Problem description => Only the lines from the one with "01A6437 - Poignée" through the final line below belong in the answer, copied exactly and without pictures.
[Provided material — start]
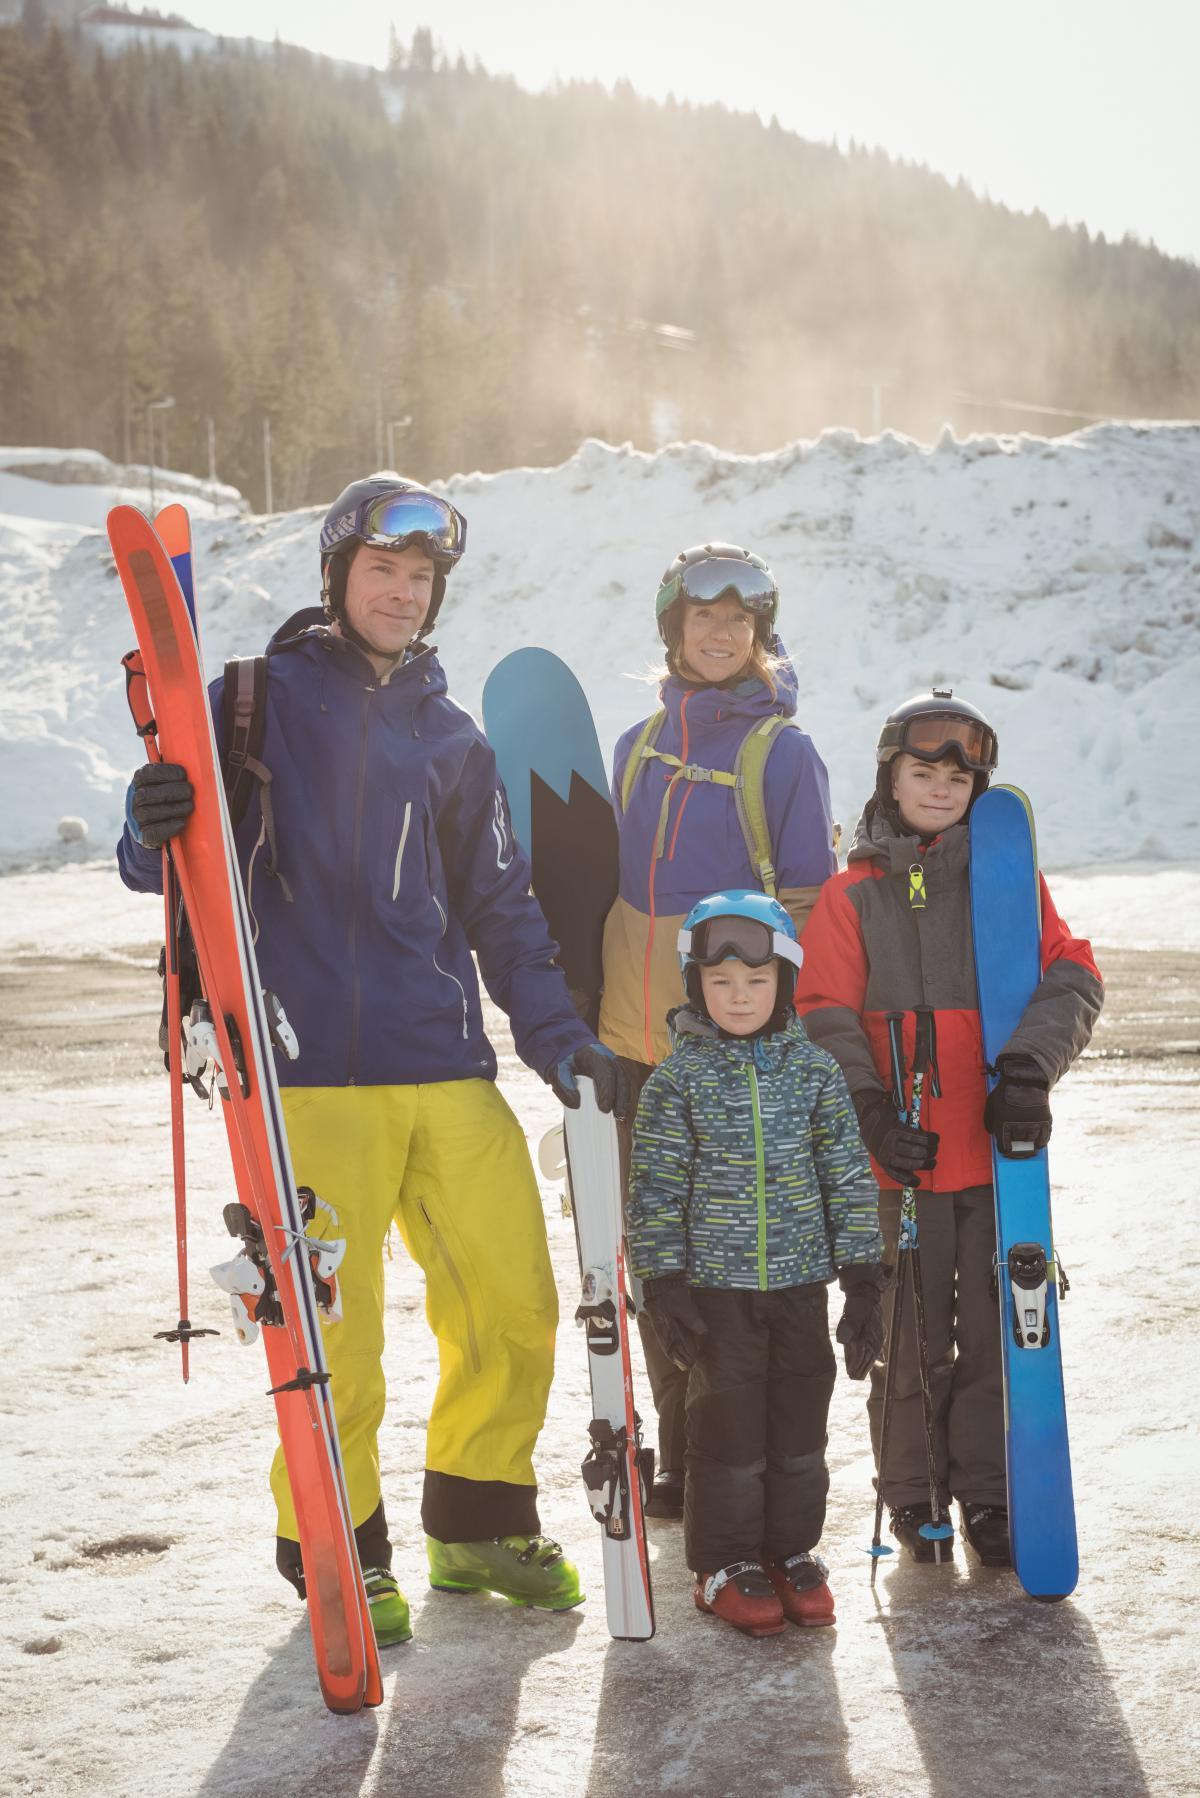 Portrait of happy family in skiwear #416507
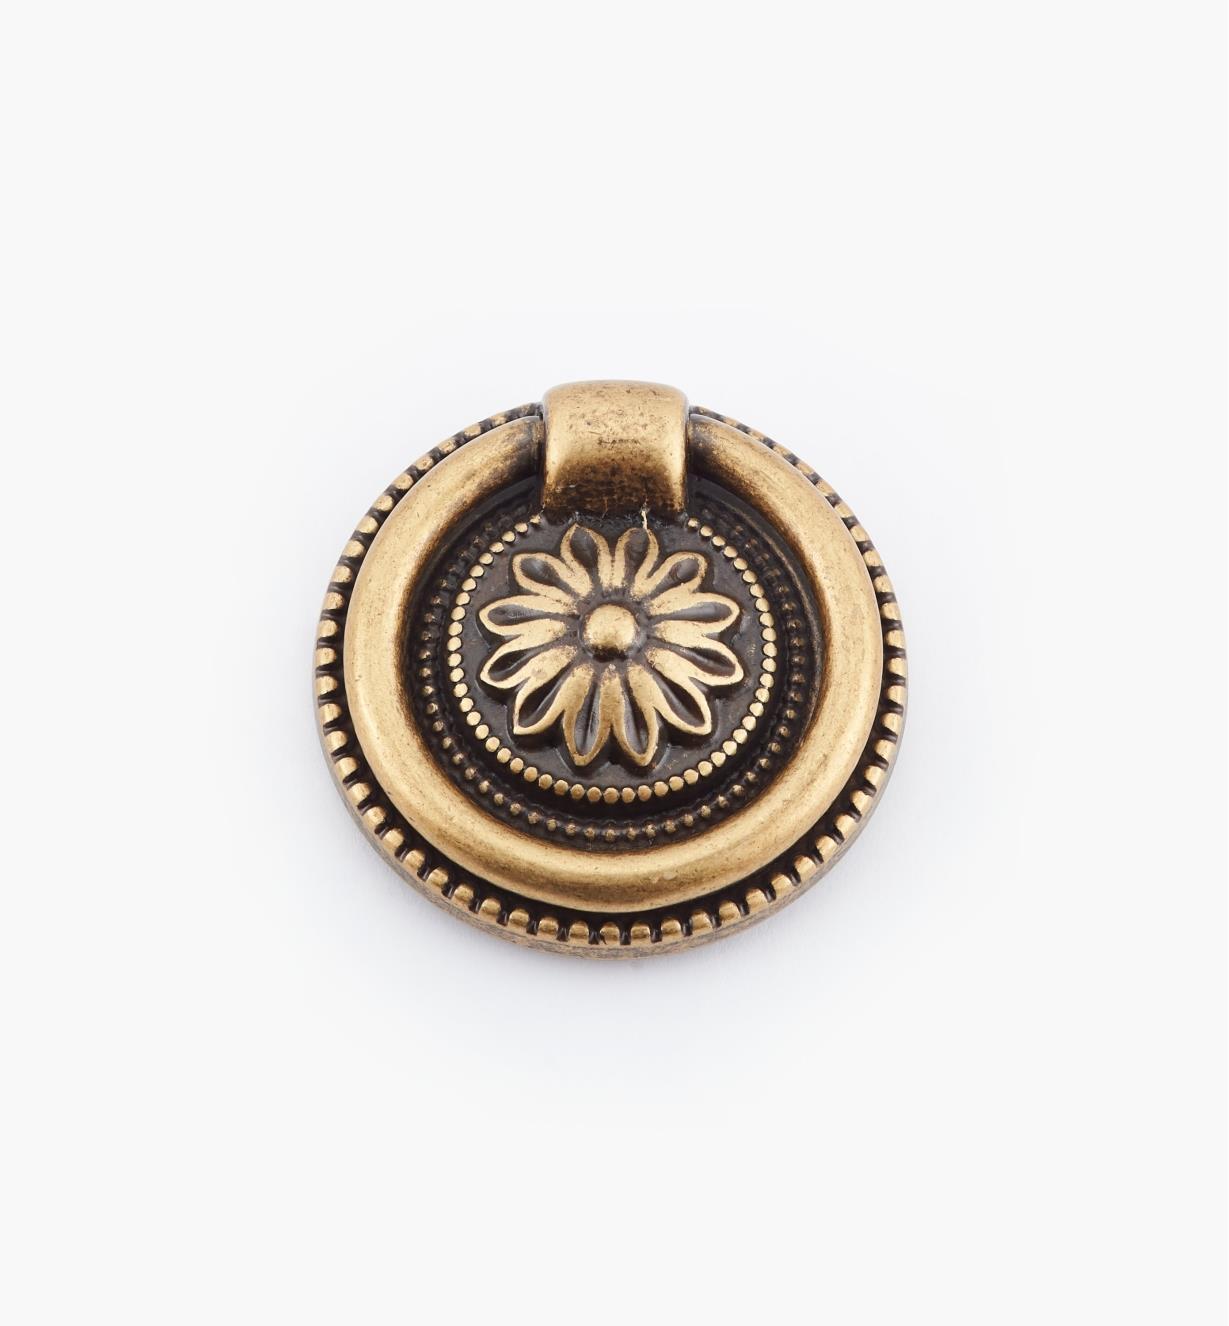 01A6437 - Poignée à anneau sur platine LouisXVI, laiton antique, 37mm
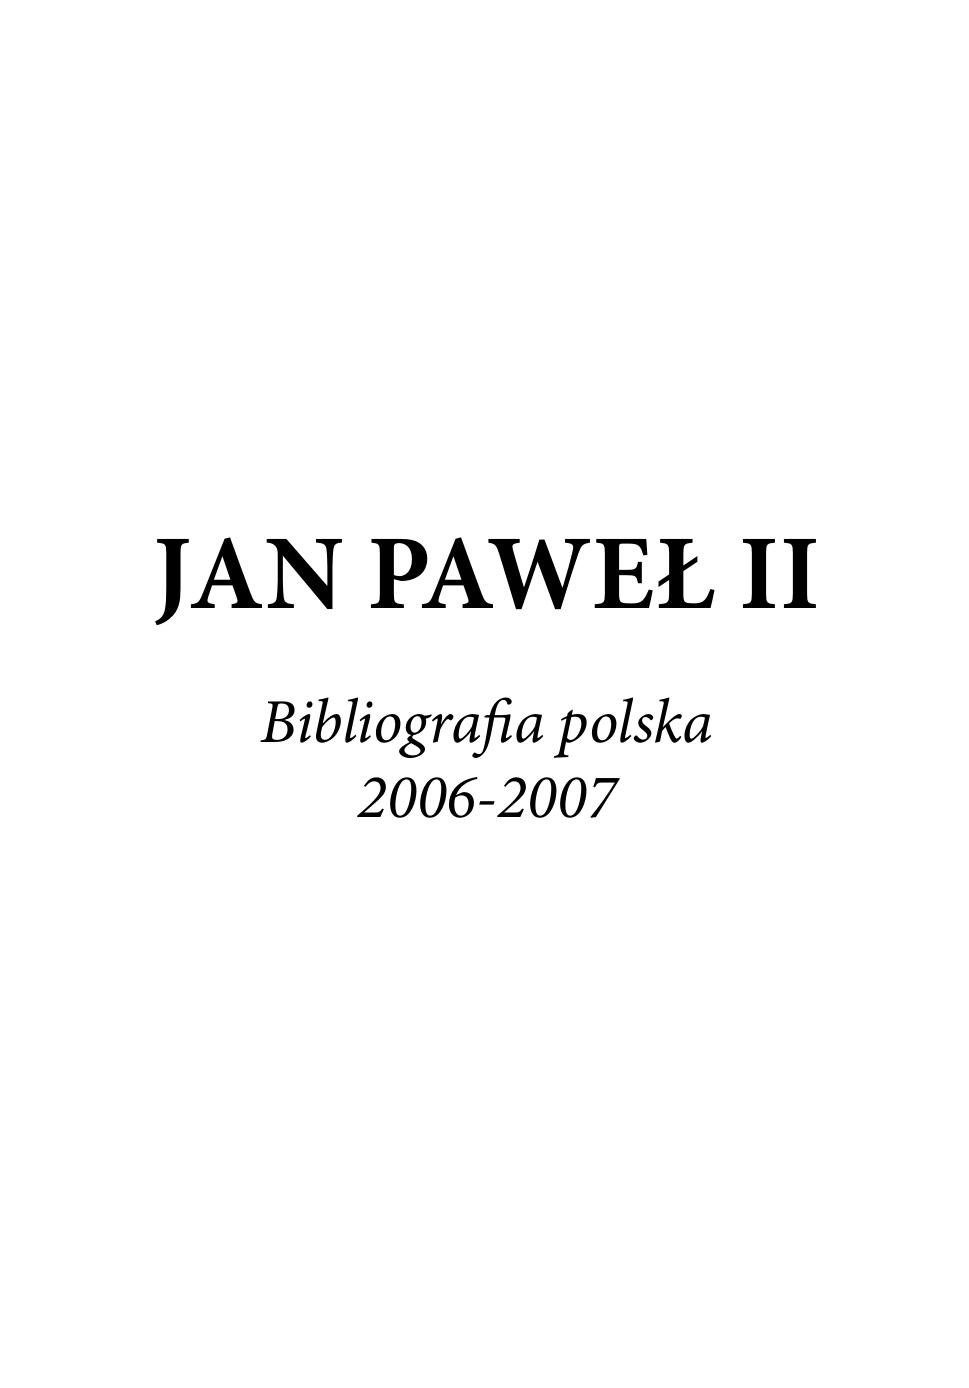 Jan Paweł Ii Centrum Myśli Jana Pawła Ii Manualzzcom
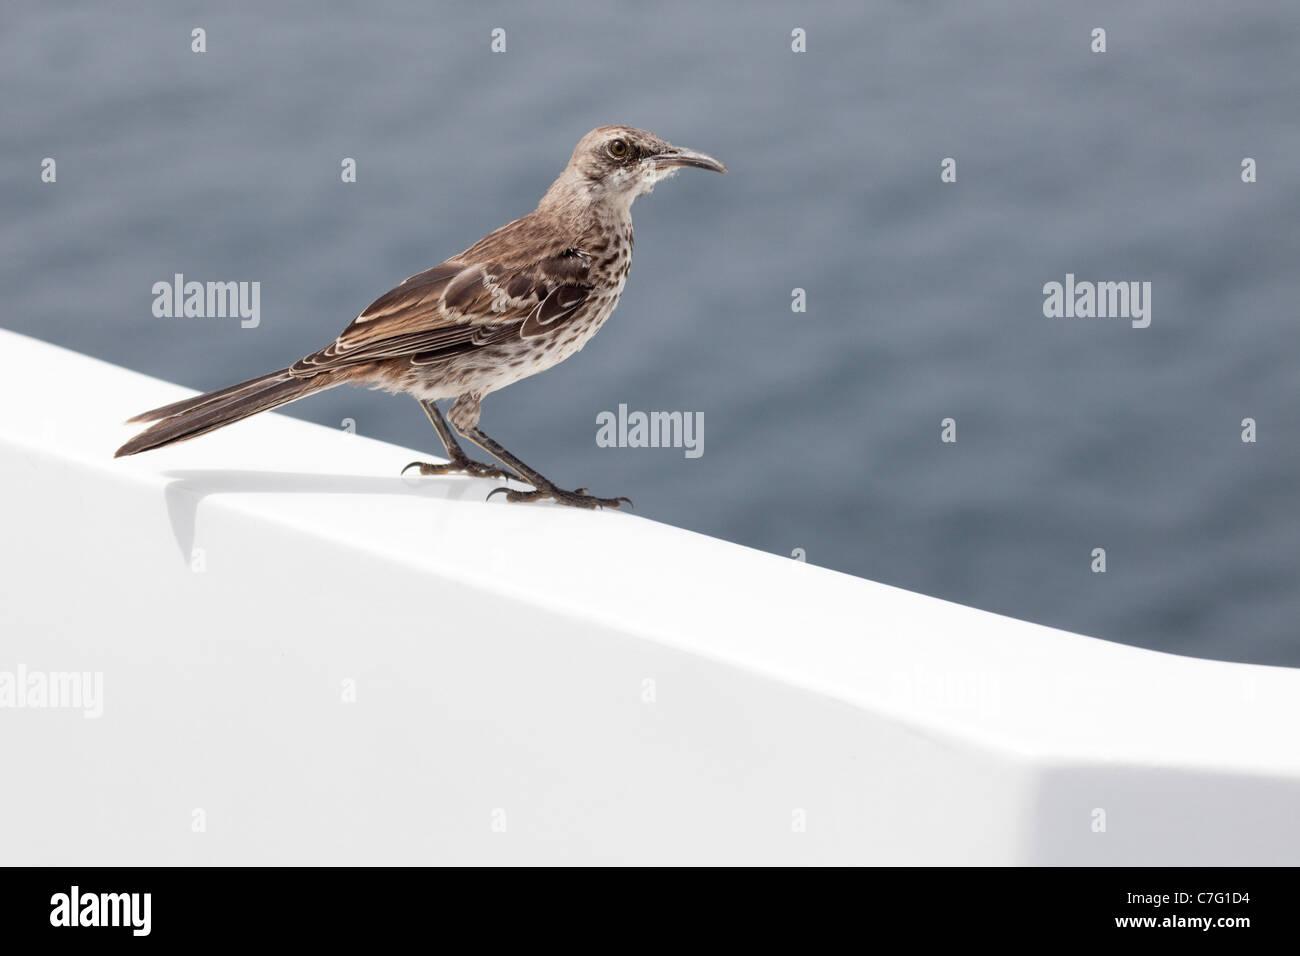 Espanola Mockingbird (Mimus macdonaldi) perché sur un yacht dans l'océan Pacifique Banque D'Images
[Provided material — finish]
Answer below =>
 01A6437 - Poignée à anneau sur platine LouisXVI, laiton antique, 37mm
 Jan Paweł Ii Centrum Myśli Jana Pawła Ii Manualzzcom
 Espanola Mockingbird (Mimus macdonaldi) perché sur un yacht dans l'océan Pacifique Banque D'Images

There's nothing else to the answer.